Matveeva estimated the entire number of orphaned or ”difficult” children in the region reaching 4000, 503 being adopted. This year 68 children were adopted by Ukrainian citizens and 28 went to live abroad. Foreigners don’t have the right to adopt children younger than five. The only exceptions are those children whose diseases can’t be treated in Ukraine.

Oksana Ponikarova, Zaprozhye city-based center on social care for families and children, voiced another aspect of this problem. A few years ago almost half of social workers were made redundant. There are no specialists of this kind in 7 biggest districts of Zaporozhye region. The main concern now is that it affects the situation with displaced people. Most of them are concentrated in Berdyansk, Gulya-Pole and Primorsk districts. And these are the districts where there are no social workers.

To cover the entire region and the city, Ponikarova has 94 personnel.

”All the burden is now on shoulders of heads of municipalities. But what can they really do if, for instance, a family with troubled situation lives 30 km away from the municipality?”, Ponikarova stated.

As for orphans from the war zone, they have been accomodated in what used to be pioneers’ camps.

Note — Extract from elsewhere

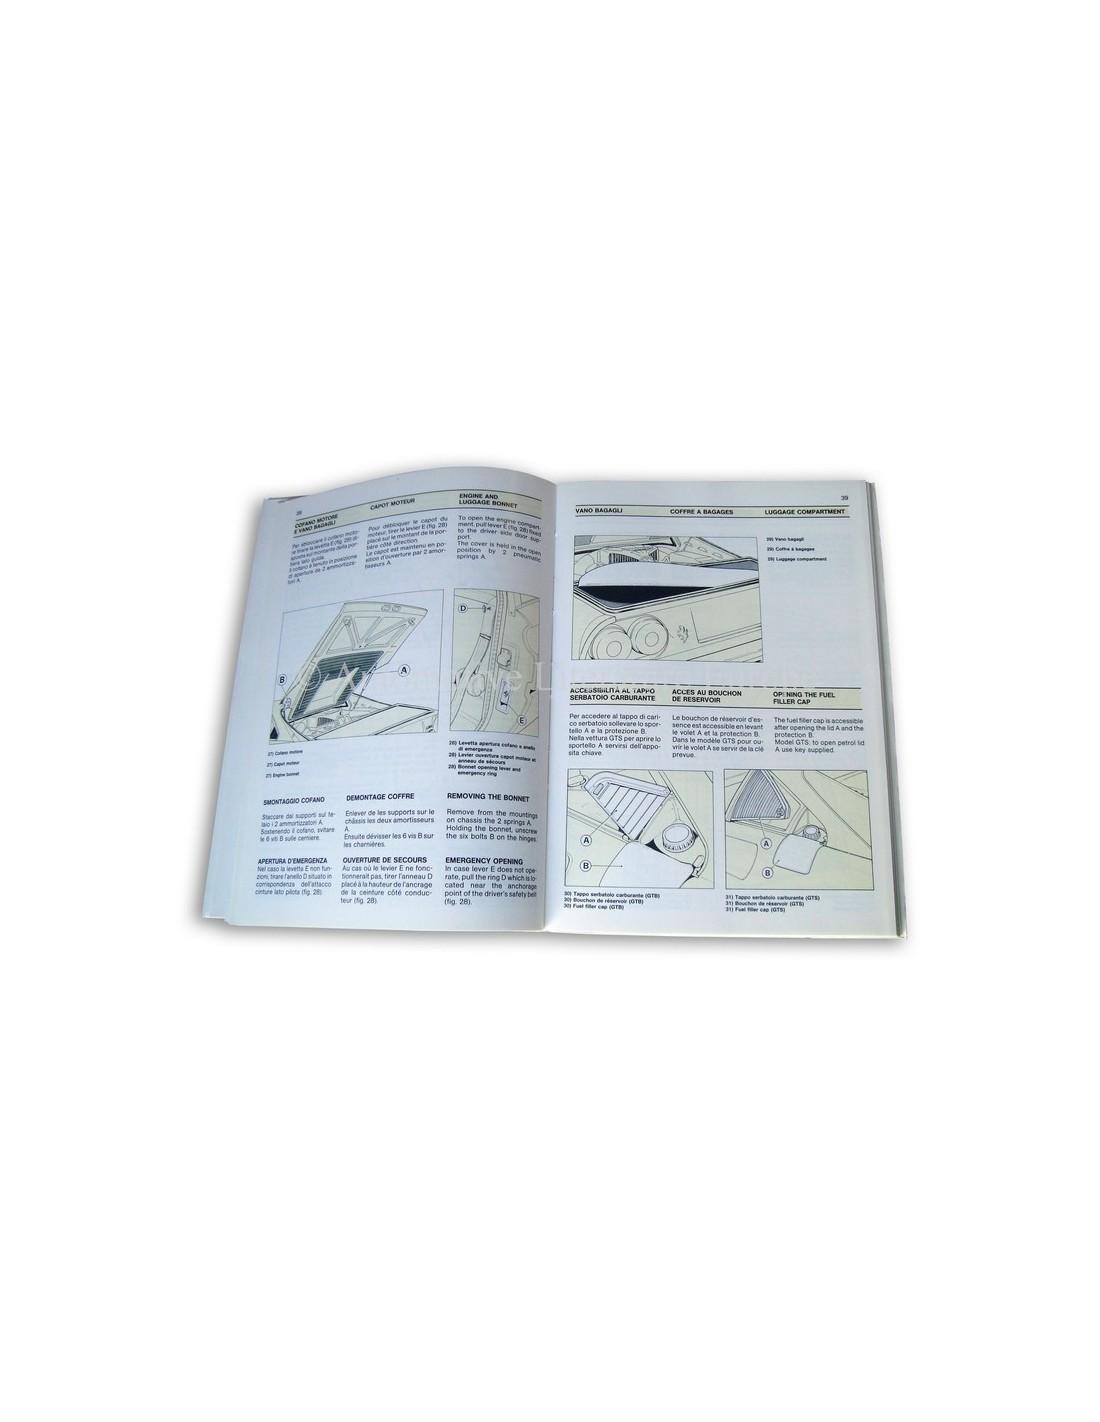 Ferrari Repair Manuals: 1988 FERRARI TURBO GTB & GTS OWNERS MANUAL 494/88

But they are not meant for winter.

The children are getting food provided by municipalities. In this respect, the authorities of Berdyansk are reportedly the most responsible. International organizations also contribute. Red Cross sent stationery for shoolchildren. But people who are working with IDPs complained that Red Cross refuses to give out boxes with hygienic items under the pretext that IDPs in Berdyansk district are being fed. Or that Red Cross refuses to disseminate food boxes they have received from World Food Program among the children younger than 15 explaining it by health concerns.

I went to check this information with Red Cross and it turned to be true. Konstantin Silin, the head of the regional Red Cross branch, showed me those boxes and told that they are not meant for kids due ”preservatives they contain which can have negative impact on their health”.